- Leader: Philippe Gomès
- General Secretary: Philip Michael
- Vice Presidents: Philippe Dunoyer Gerard Poadja Hélène Iekawé
- Founded: 11 October 2008
- Headquarters: 2 bis, Boulevard Vauban - Centre Ville, 98800 Nouméa
- Ideology: Anti-separatism Liberalism Liberal conservatism Christian democracy Environmentalism
- Political position: Centre to centre-right
- National affiliation: Union of Democrats and Independents
- Seats in the National Assembly: 0 / 2 (0%)
- Seats in the Senate: 0 / 2 (0%)
- Seats in the Congress: 7 / 54 (13%)
- Seats in the South Province: 8 / 40 (20%)
- Seats in the North Province: 1 / 22 (5%)
- Seats in the Loyalty Islands Province: 0 / 14 (0%)

Website
- www.caledonieensemble.nc

= Caledonia Together =

Political party in New Caledonia

Caledonia Together (Calédonie ensemble) is a political party in New Caledonia. The party was established on 14 October 2008 as a split from Future Together led by Philippe Gomès. The party is centrist and opposed to independence.

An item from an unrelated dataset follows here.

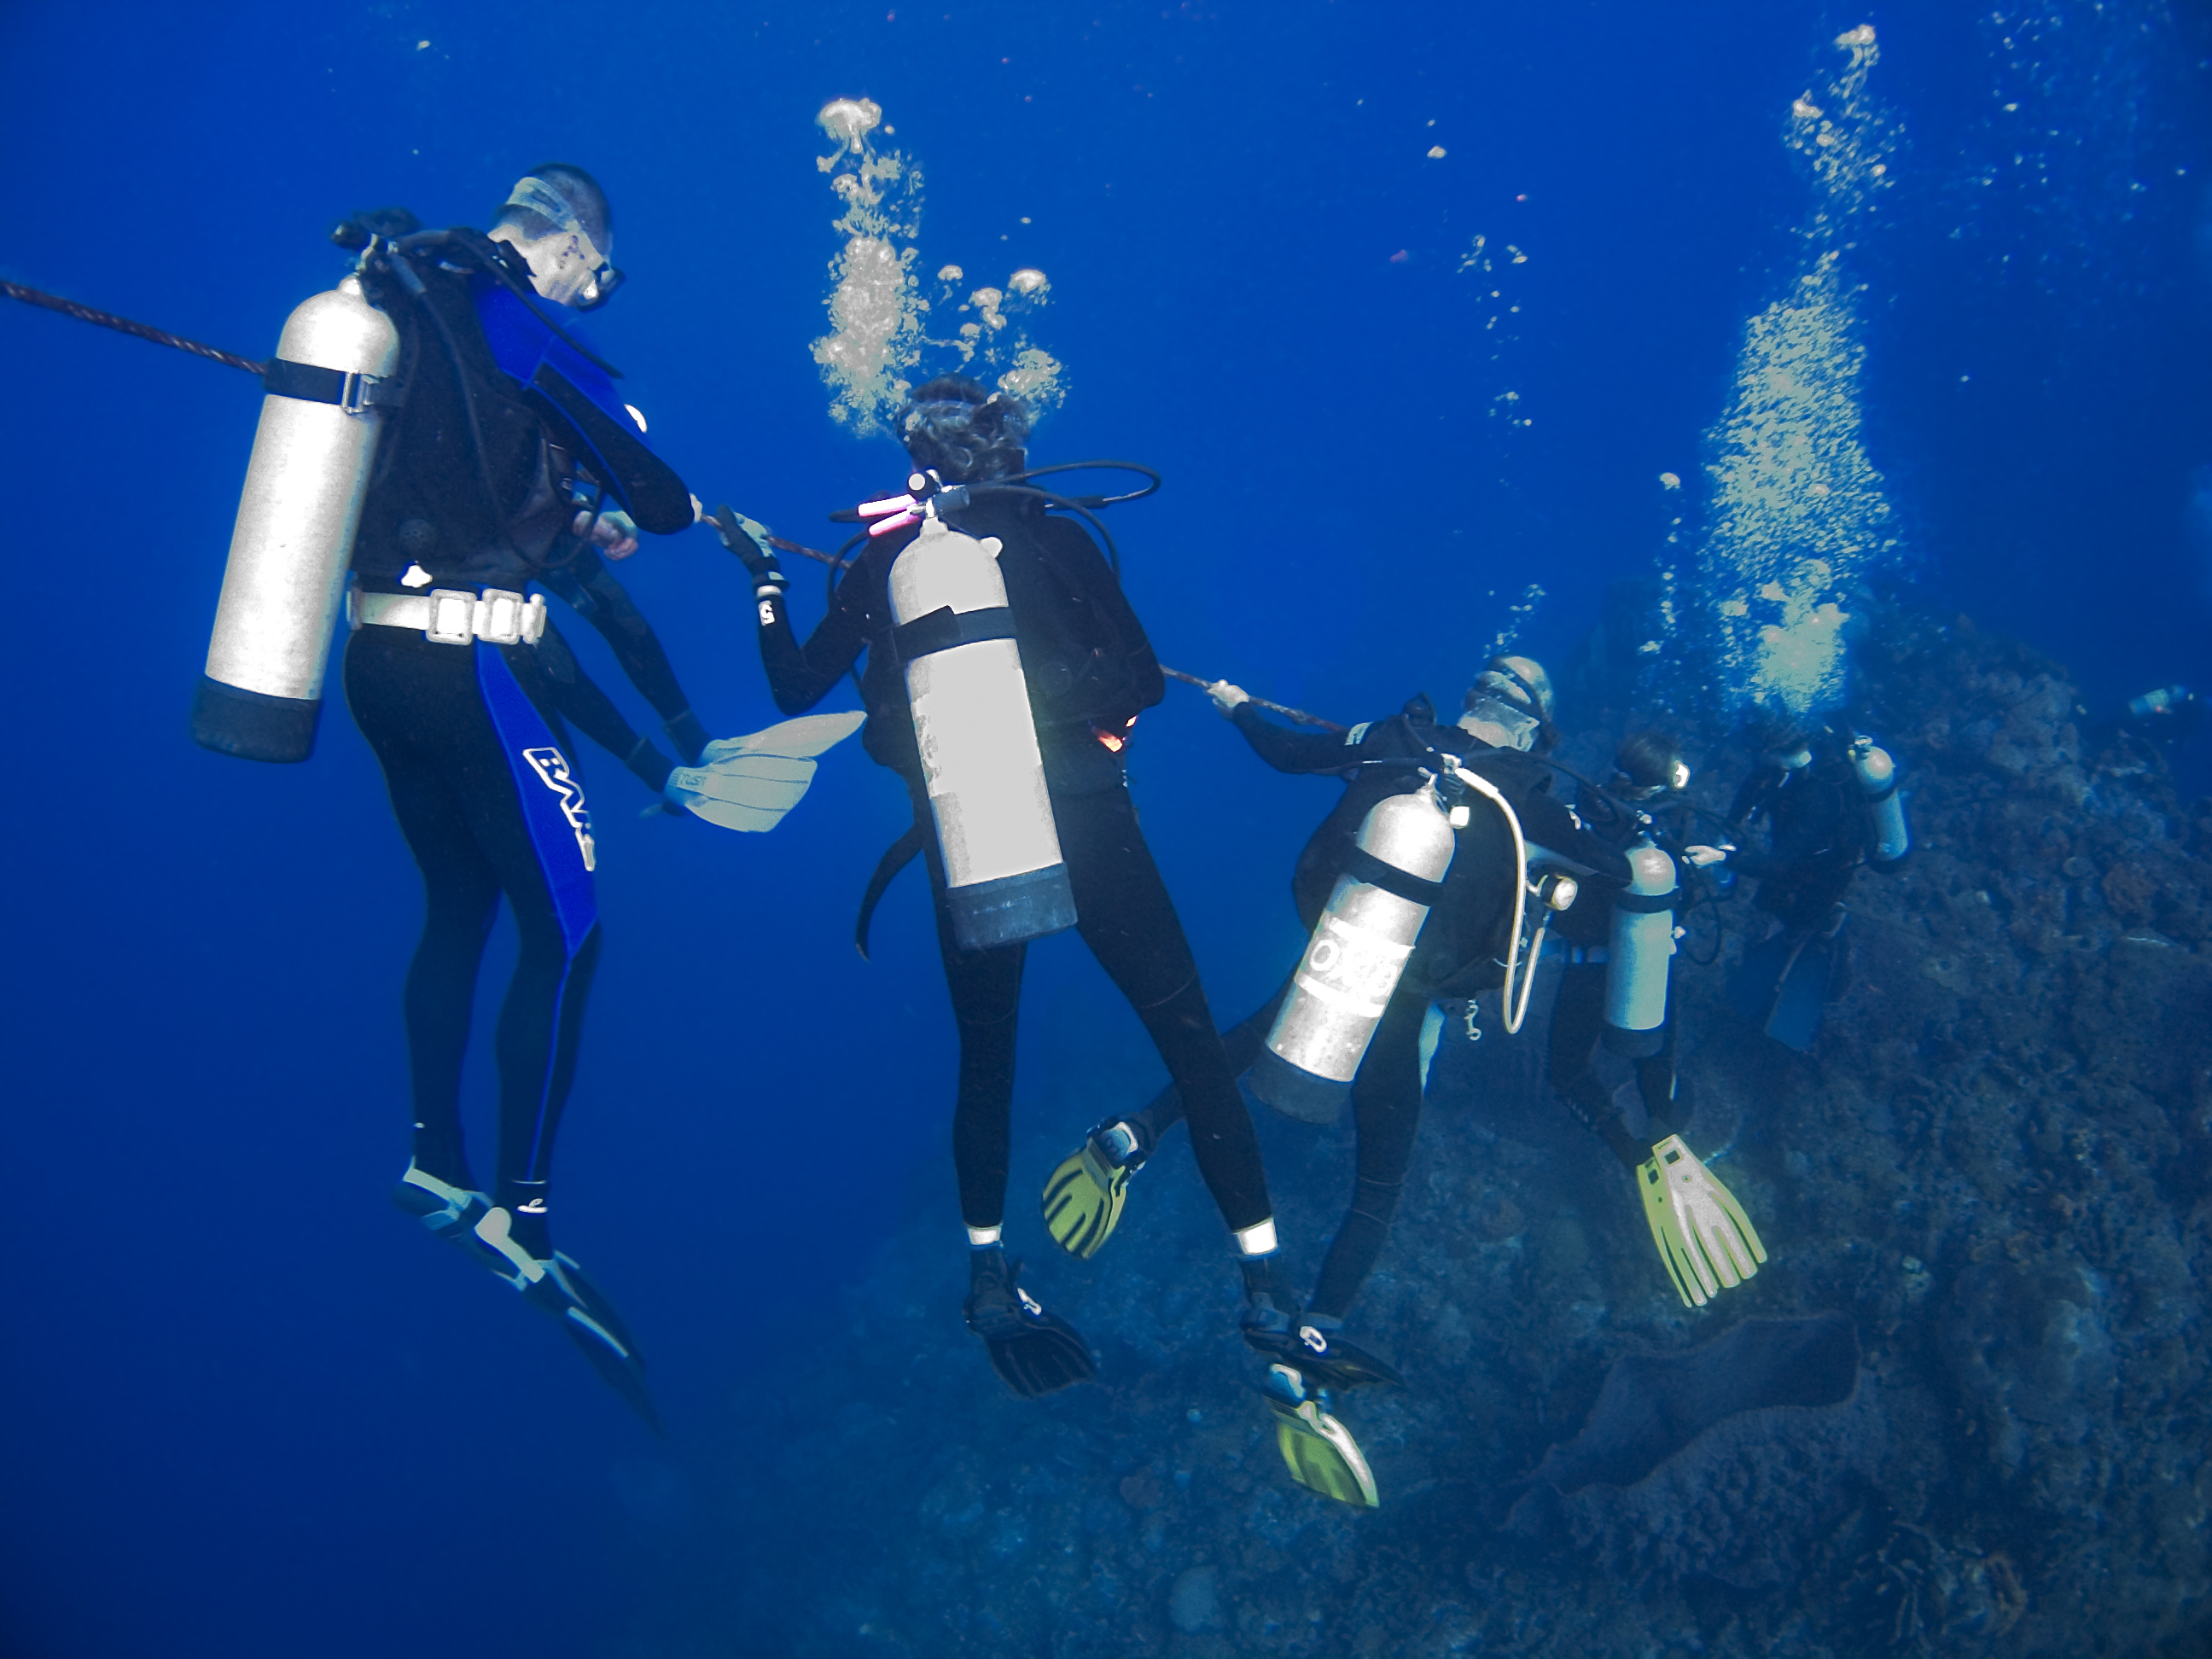 Group of divers decide to take deep stop at 65ft as part of their ascent back  to the surface

Future Together, a centrist party founded in 2004, split in 2008. The split started in the 2007 legislative election, when Gomès ran in New Caledonia's 1st constituency although Didier Leroux was supposed to run. Though both ran, and both polled 14%, respectively third and fourth, leaving the RPCR candidate Gaël Yanno against the candidate of the nationalist Kanak and Socialist National Liberation Front (FLINKS), which Yanno easily defeated. Martin was also defeated running the New Caledonia's 2nd constituency. Poor results in the 2008 local elections, including the capital, Nouméa, precipitated an open split between Gomès on one side and Martin-Leroux on the other. In 2008, Gomès and 12 Future Together Congressmen and women (including Thémereau) formed Caledonia Together.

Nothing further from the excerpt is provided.